The attack had taken place during a war, when the king’s finest men were out on the frontlines. There was no one to stop the rampaging Tyrant Sabertooth monster, and all the ways out, even the wells, had been deviously blocked off.
“I was so scared that I thought I was seeing things.”
The Black Cat slave, whose only job was waste disposal, had disposed of the menacing monster in seconds. The Tyrant Sabertooth might have been just a cub, but it was still a C-level threat. The Black Cat had fended it off and killed it with a mop. No wonder the young Rigdith had thought he was hallucinating. Anyone would.

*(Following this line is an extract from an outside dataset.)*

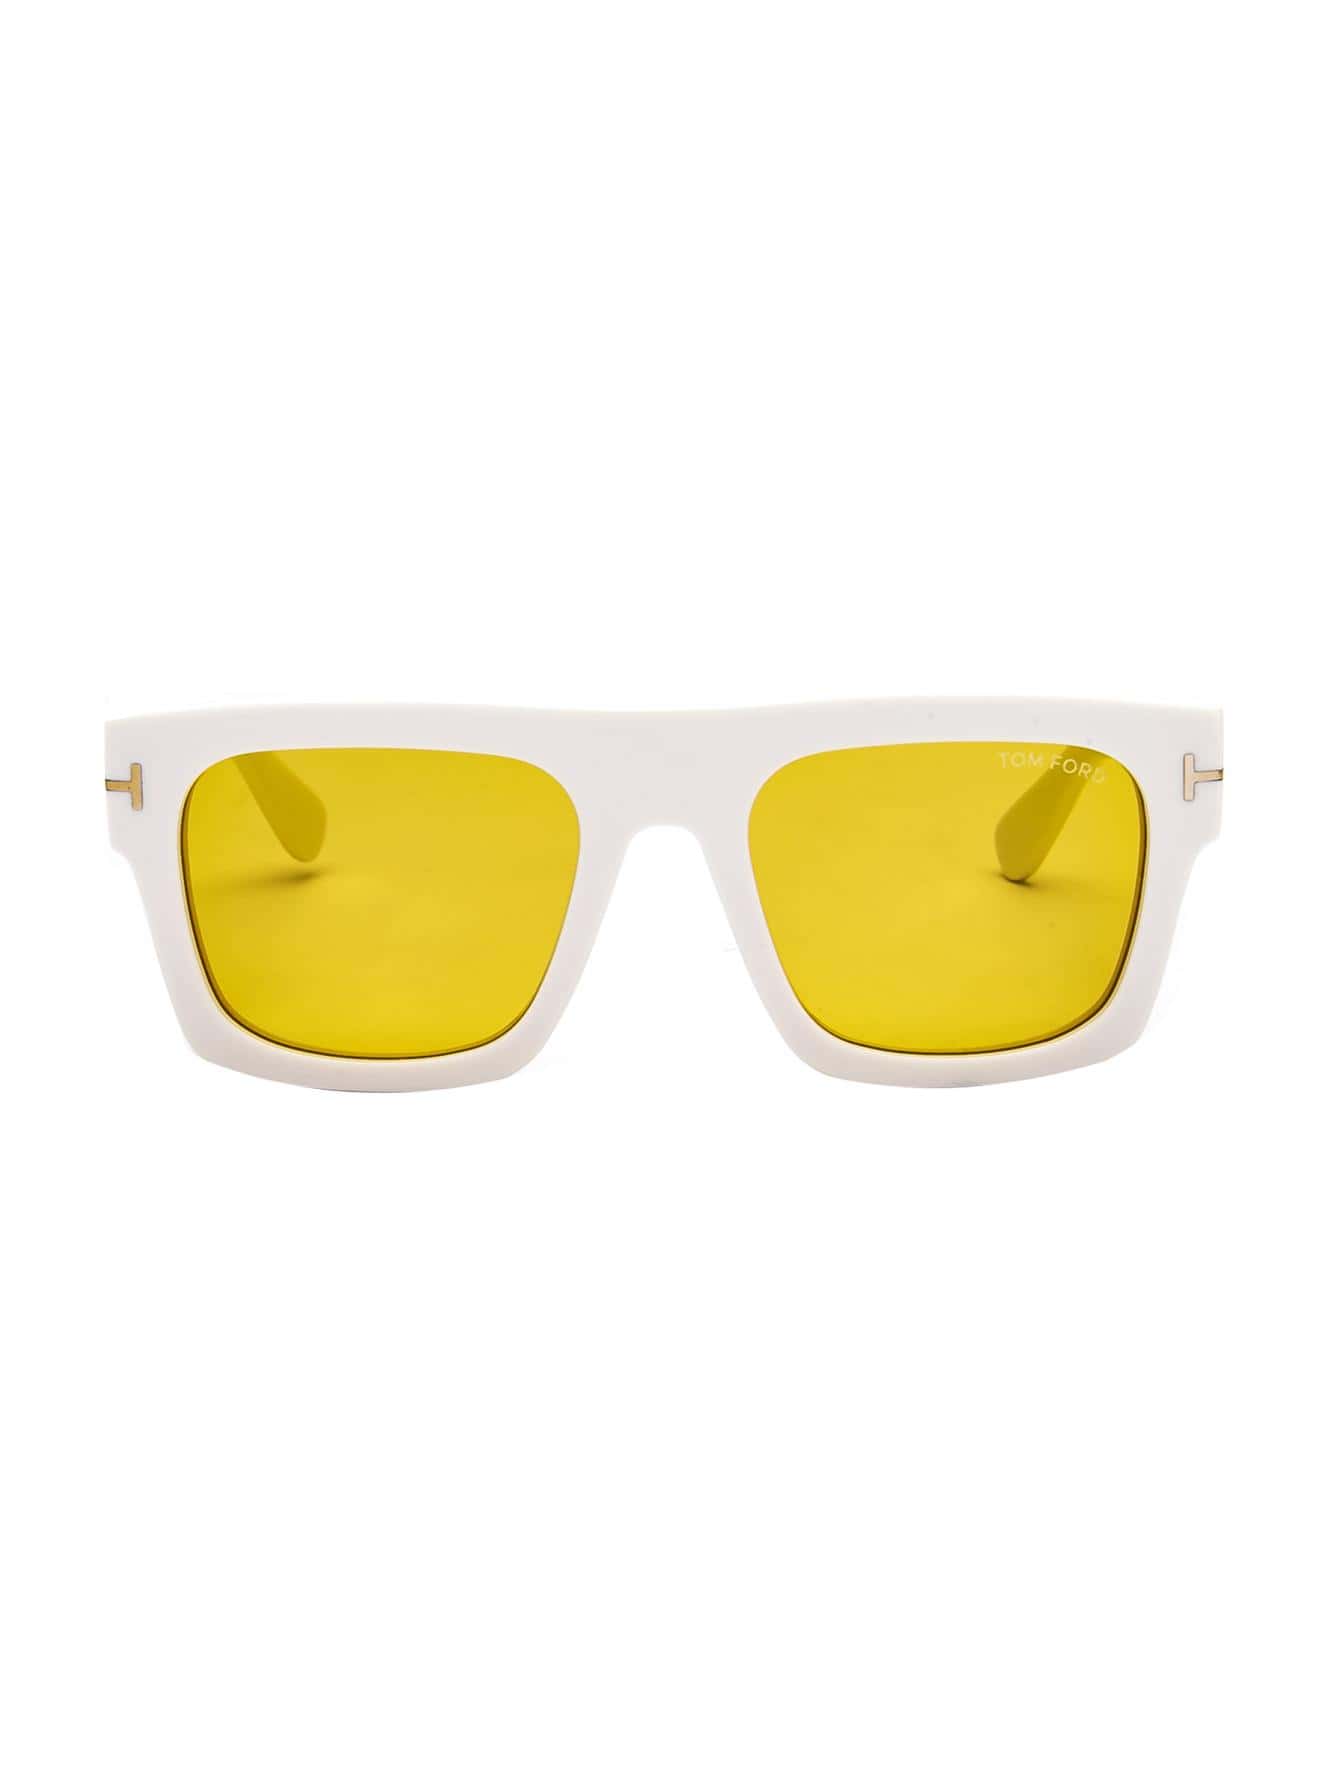 Женские солнцезащитные очки Tom Ford DECOR FT071125E, многоцветный солнцезащитные очки tom ford квадратные оправа пластик для женщин черепаховый

Rigdith was even more shocked when he learned that the woman’s sole duty was taking out the trash. With her abilities, she could easily have been a conscripted slave, purchased to serve in the army. Her talents were wasted on menial labor. How did she get so strong?
The Black Cat’s name was Kiara, and she became his first friend. Because of his status, young Rigdith had no companions, but Kiara didn’t seem to care. He decided she should teach him how to fight. Kiara was opposed to this at first, but Rigdith wore her down.
Kiara’s spartan discipline made the young Rigdith strong in body and mind. Soon, Gaudartha and Royce became Kiara’s secret disciples, as well. The young prince didn’t ask them to, but they saw what the Black Cat was capable of with their own eyes. They sheepishly asked her, and she shrugged as she accepted. What was two more pupils to teach?
That said, they had to train in secret. Kiara’s only condition was that they not tell a soul—especially among the nobility.